| Action item |
Nothing but the lines from the one containing "Building vehicles icons" through the end of the data below should appear in the answer, each exact and free of pictures.

| Source material |
----------------------------------------

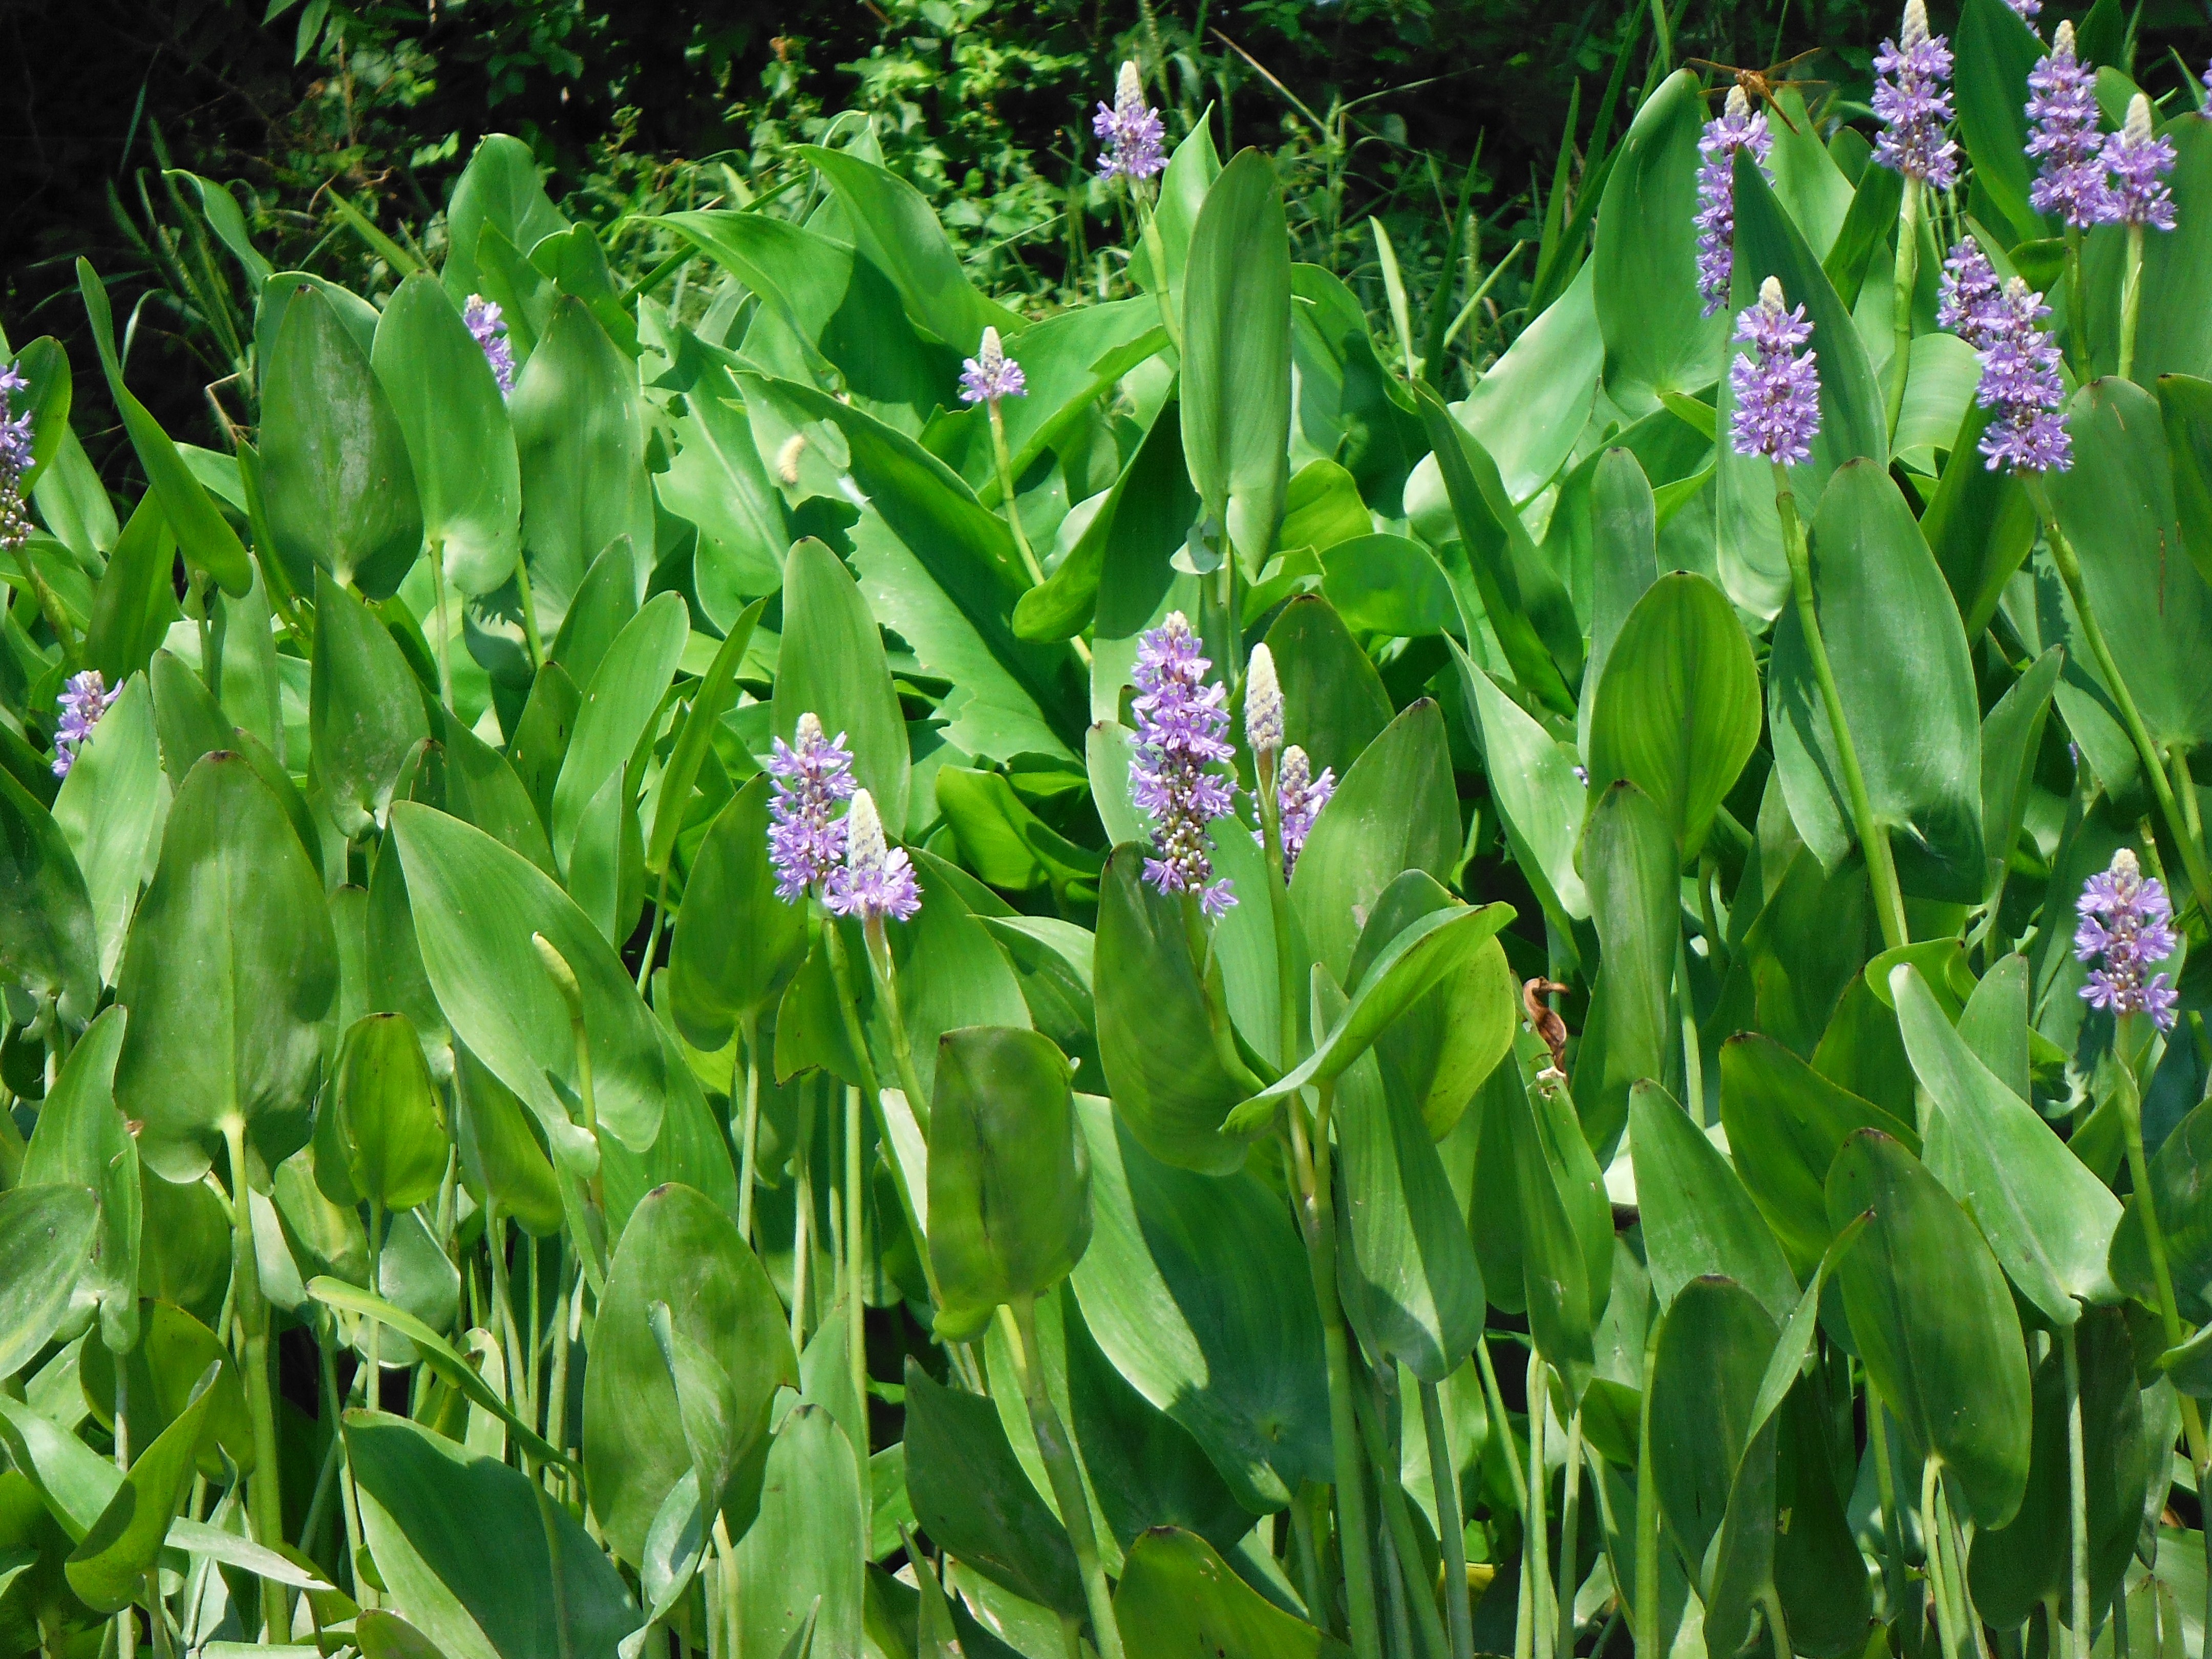 Pickerel Weed also grows in along the Chicone. 
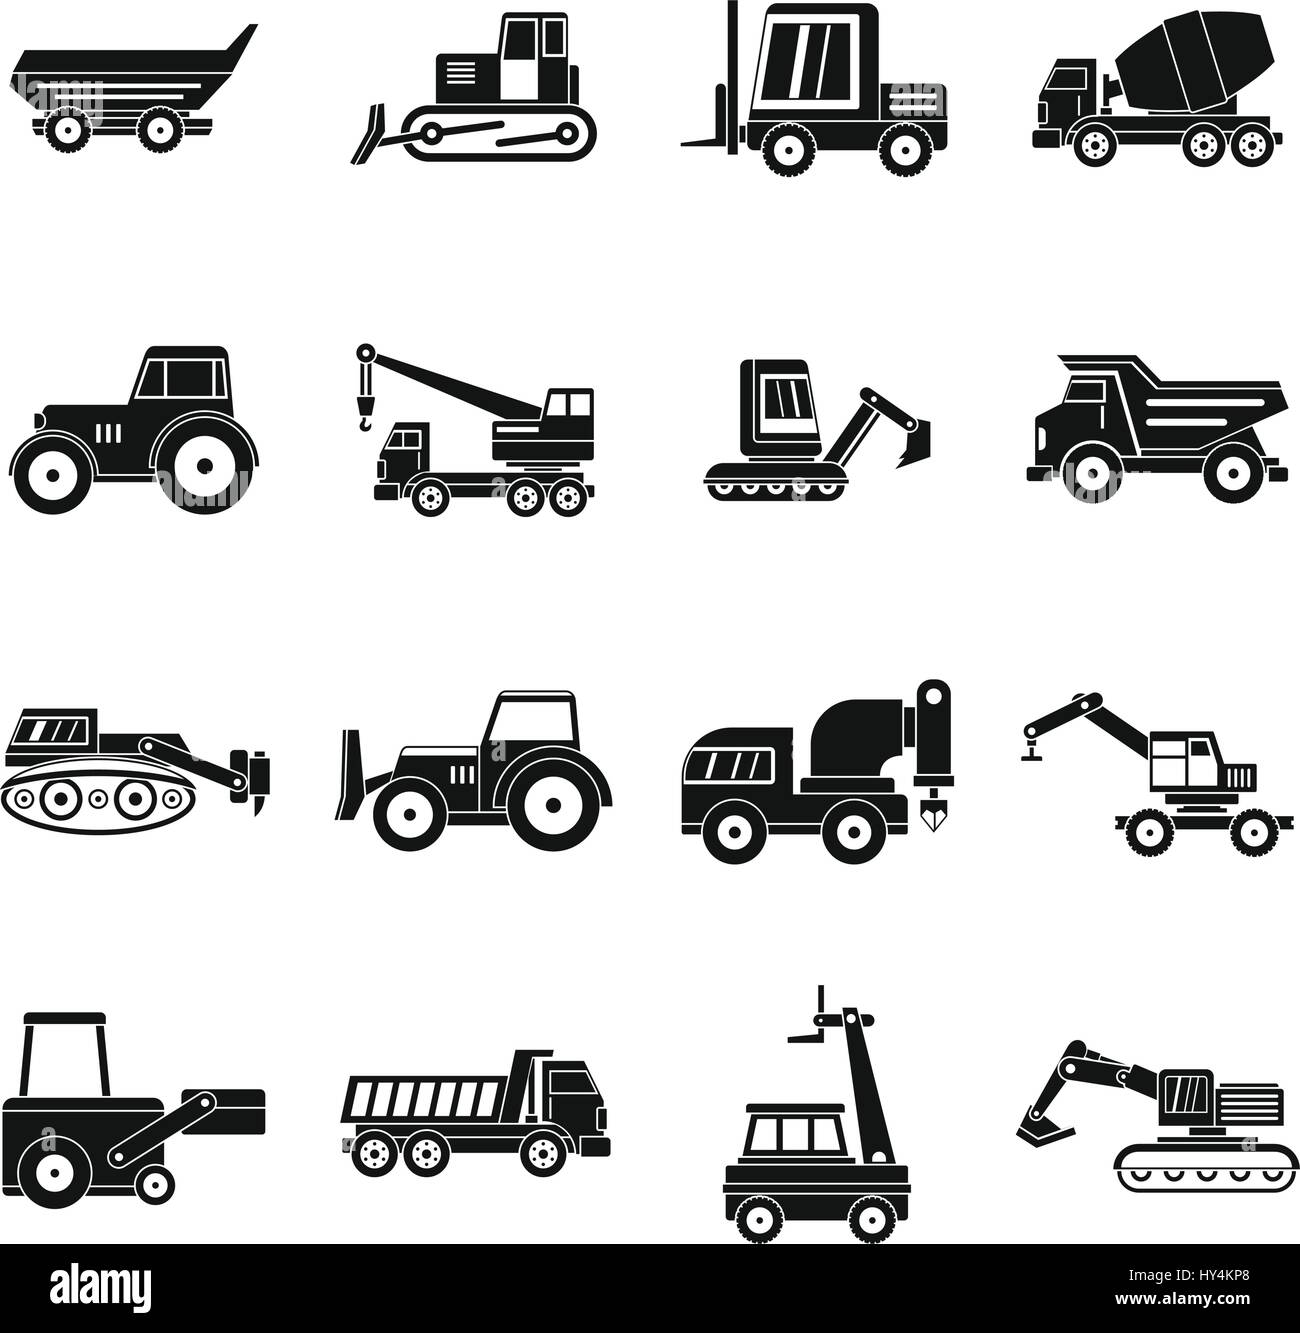 Building vehicles icons set, simple style Stock Vector
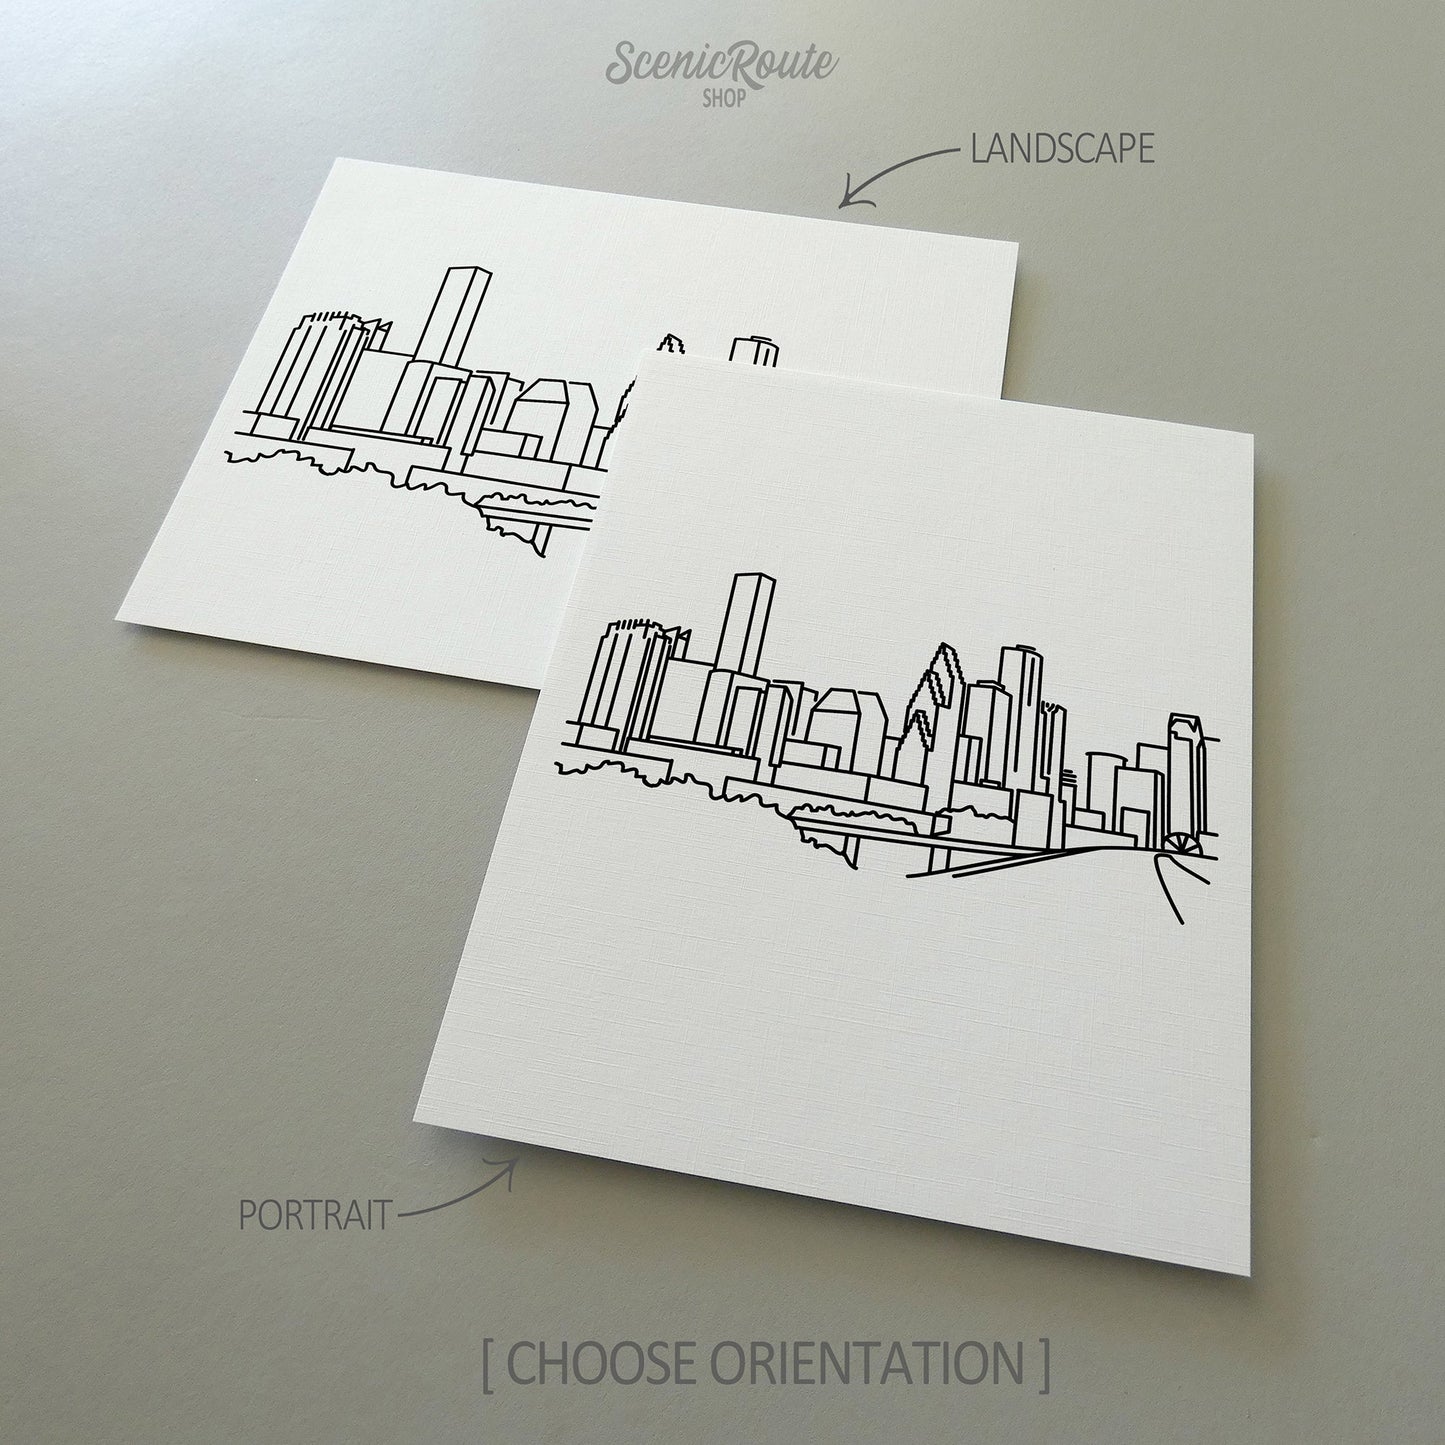 Two line art drawings of the Houston Skyline on white linen paper with a gray background.  The pieces are shown in portrait and landscape orientation for the available art print options.

----------------------------------------

| Response area |
 Building vehicles icons set, simple style Stock Vector
 Two line art drawings of the Houston Skyline on white linen paper with a gray background.  The pieces are shown in portrait and landscape orientation for the available art print options.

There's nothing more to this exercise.